We supplement our analysis with data from the Chandra Deep Field North ( CDFN ) .
The addition of this field allows better probe of the correlation function at small scales .
A total of 233 and 252 sources with spectroscopic information are used in the study of the CLASXS and CDFN fields respectively .

We calculate both redshift-space and projected correlation functions in comoving coordinates , averaged over the redshift range of 0.1 < z < 3.0 , for both CLASXS and CDFN fields for a standard cosmology with \Omega _ { \Lambda } = 0.73 , \Omega _ { M } = 0.27 , and h = 0.71 ( H _ { 0 } = 100 h km s ^ { -1 } Mpc ^ { -1 } ) .
The correlation function for the CLASXS field over scales of 3 Mpc < s < 200 Mpc can be modeled as a power-law of the form \xi ( s ) = ( s / s _ { 0 } ) ^ { - \gamma } , with \gamma = 1.6 ^ { +0.4 } _ { -0.3 } and s _ { 0 } = 8.0 ^ { +1.4 } _ { -1.5 } Mpc .

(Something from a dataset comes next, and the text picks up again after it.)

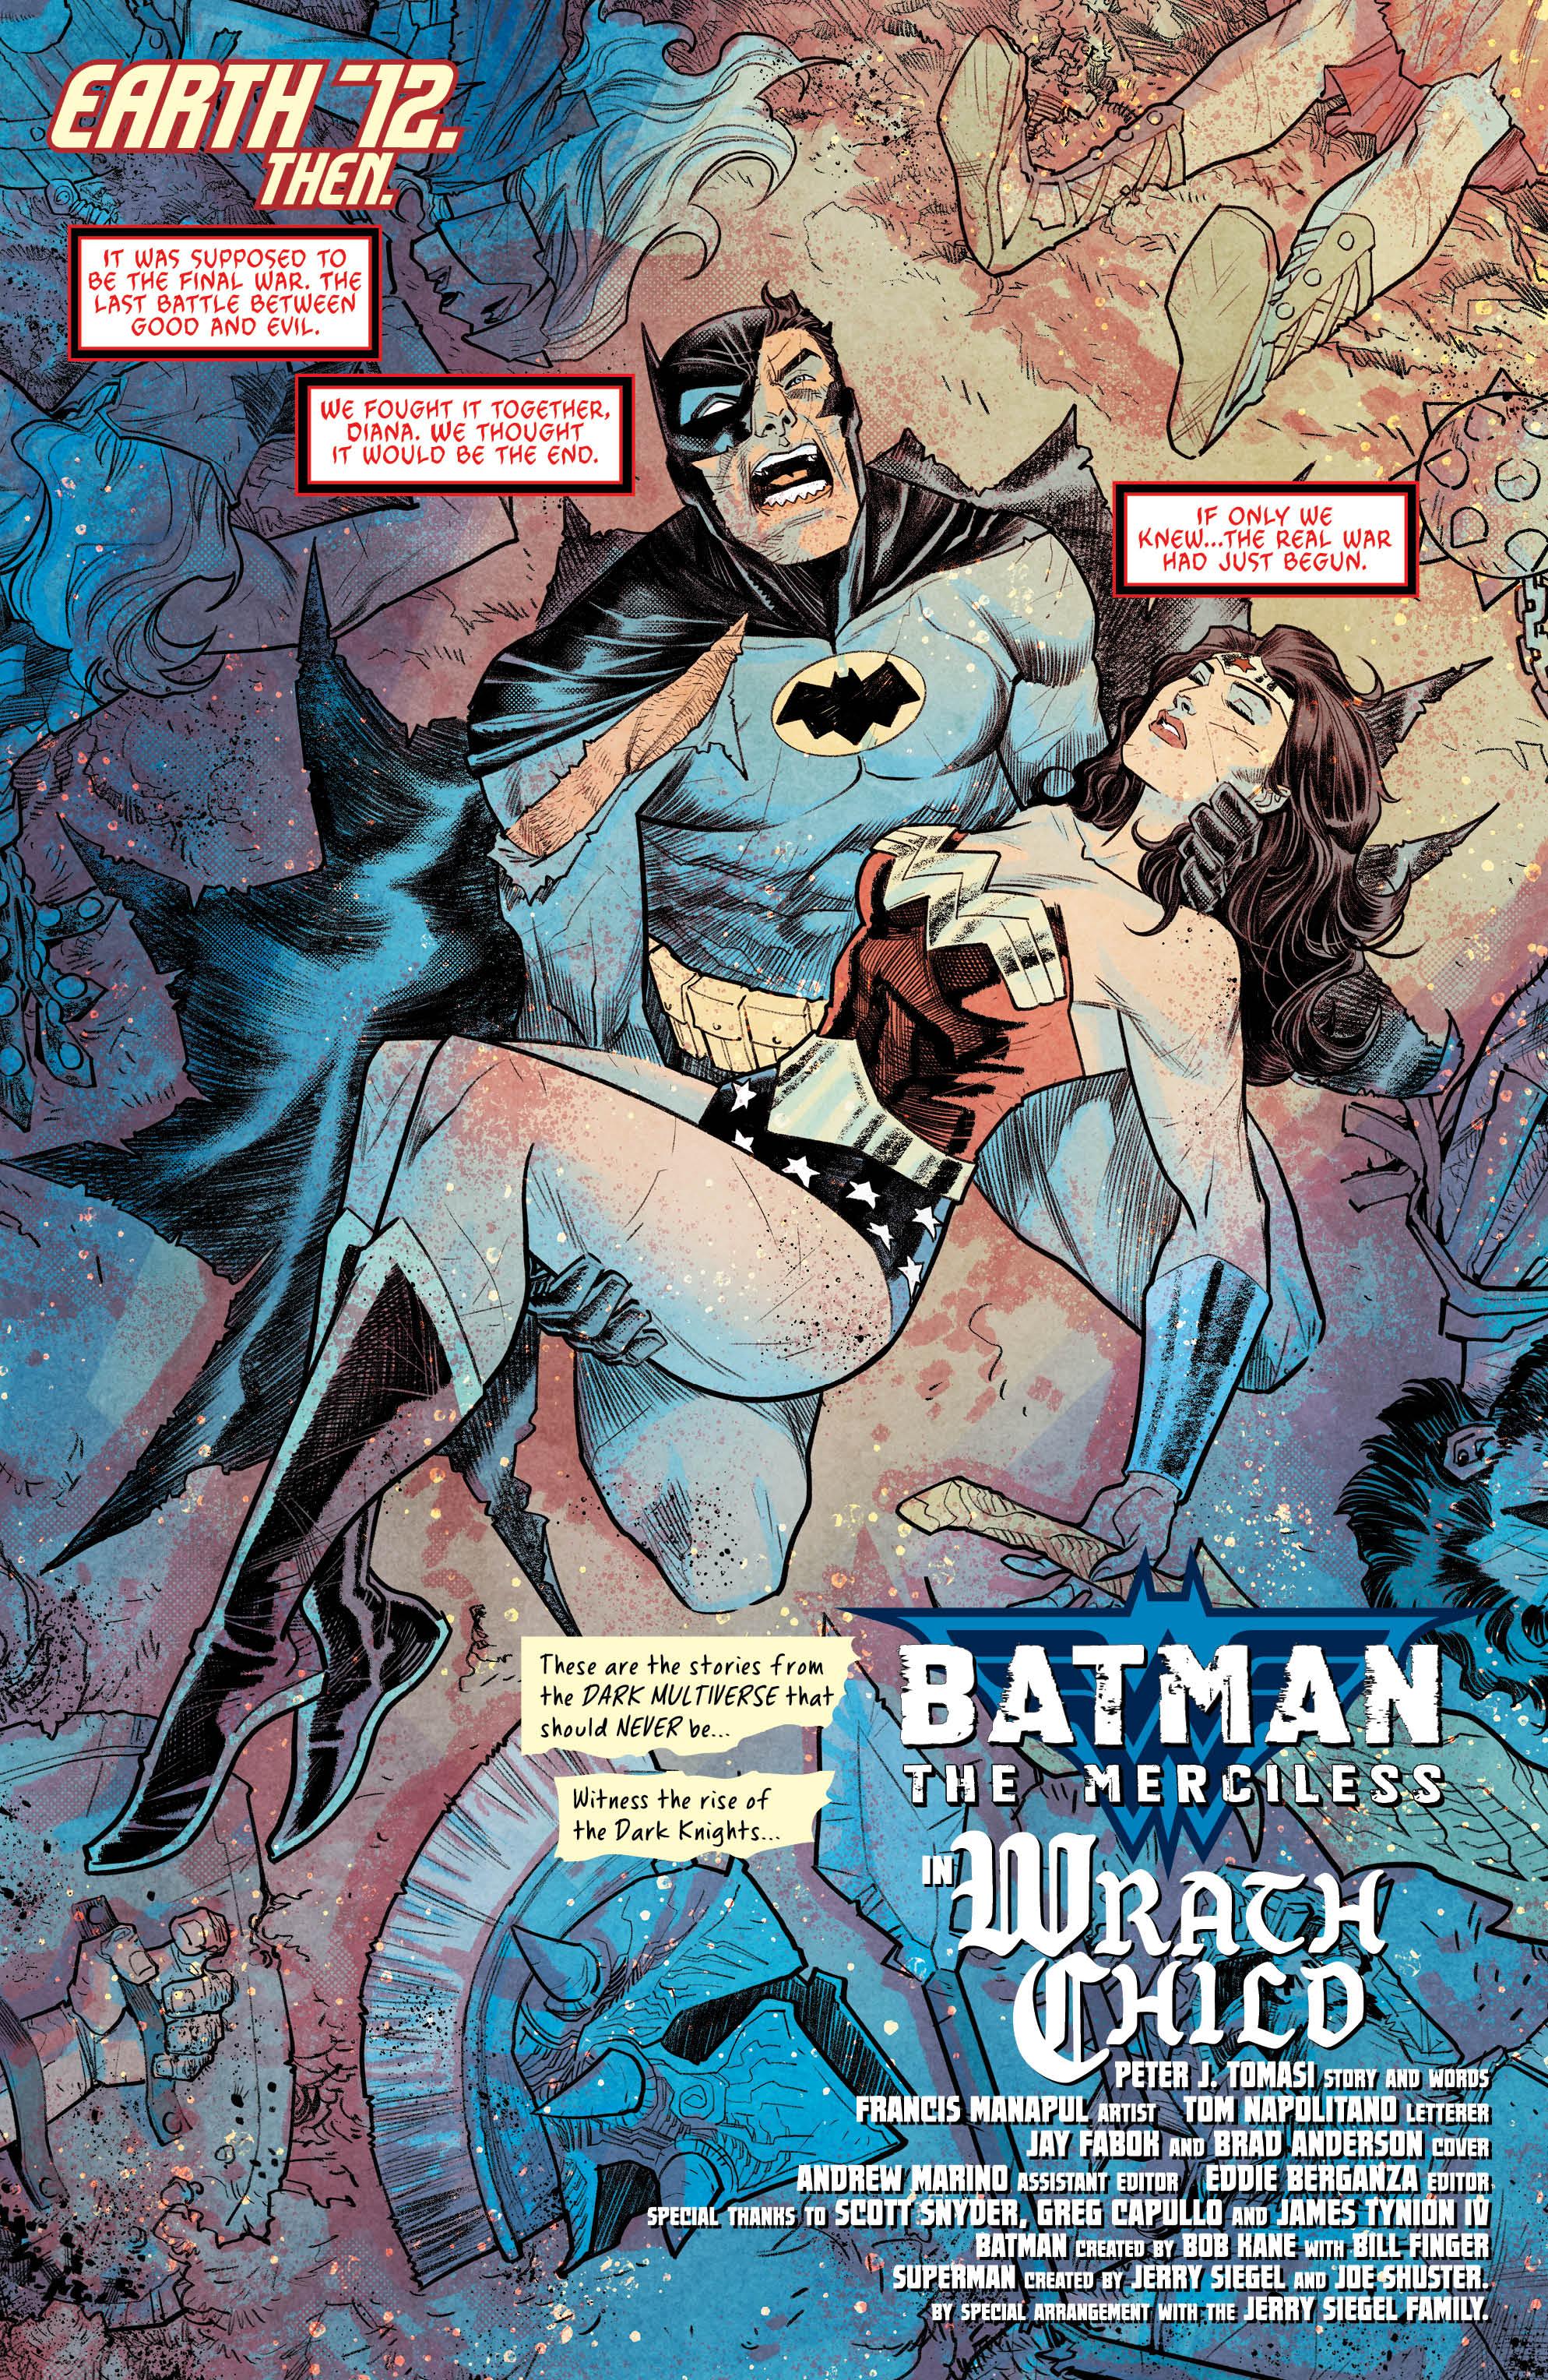 Batman The Merciless 1 - DC Comics News

The redshift-space correlation function for CDFN on scales of 1 Mpc < s < 100 Mpc is found to have a similar correlation length s _ { 0 } = 8.55 ^ { +0.75 } _ { -0.74 } Mpc , but a shallower slope ( \gamma = 1.3 \pm 0.1 ) .

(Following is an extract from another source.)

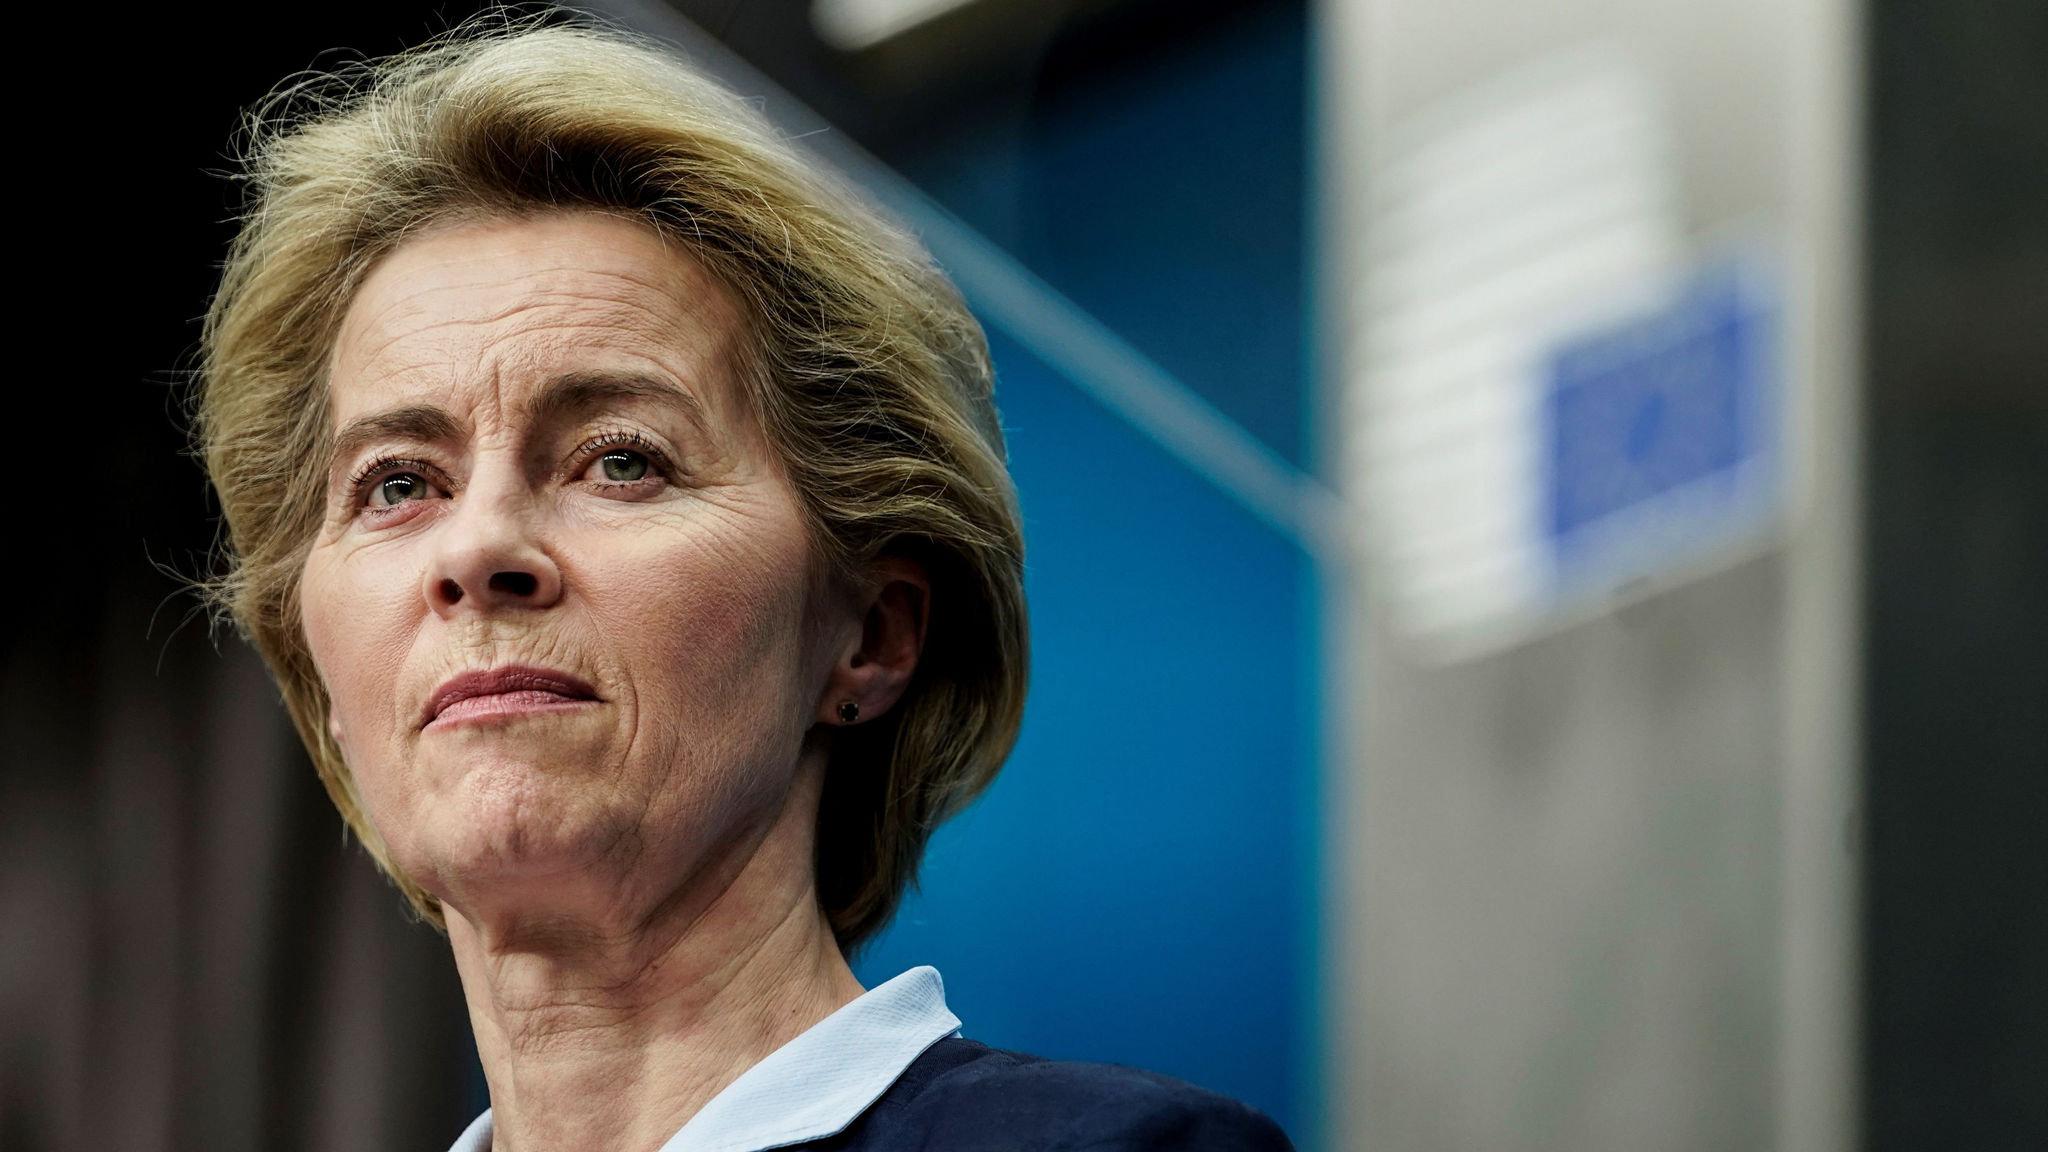 How life after Brexit will get uncomfortable for Von der Leyen

The real-space correlation functions derived from the projected correlation functions , are found to be r _ { 0 } = 8.1 ^ { +1.2 } _ { -2.2 } Mpc , and \gamma = 2.1 \pm 0.5 for the CLASXS field , and r _ { 0 } = 5.8 ^ { +1.0 } _ { -1.5 } Mpc , \gamma = 1.38 ^ { +0.12 } _ { -0.14 } for the CDFN field .
By comparing the real- and redshift-space correlation functions in the combined CLASXS and CDFN samples , we are able to estimate the redshift distortion parameter \beta = 0.4 \pm 0.2 at an effective redshift z = 0.94 .
We compare the correlation functions for hard and soft spectra sources in the CLASXS field and find no significant difference between the two groups .
We have also found that the correlation between X-ray luminosity and clustering amplitude is weak , which , however , is fully consistent with the expectation using the simplest relations between X-ray luminosity , blackhole mass , and dark halo mass .

We study the evolution of the AGN clustering by dividing the samples into 4 redshift bins over 0.1 Mpc < z < 3.0 Mpc .
We find a very mild evolution in the clustering amplitude , which show the same evolution trend found in optically selected quasars in the 2dF survey .
We estimate the evolution of the bias , and find that the bias increases rapidly with redshift ( b ( z = 0.45 ) = 0.95 \pm 0.15 and b ( z = 2.07 ) = 3.03 \pm 0.83 ) .
The typical mass of the dark matter halo derived from the bias estimates show little change with redshift .
The average halo mass is found to be \log~ { } ( M _ { halo } / M _ { \sun } ) \sim 12.1 .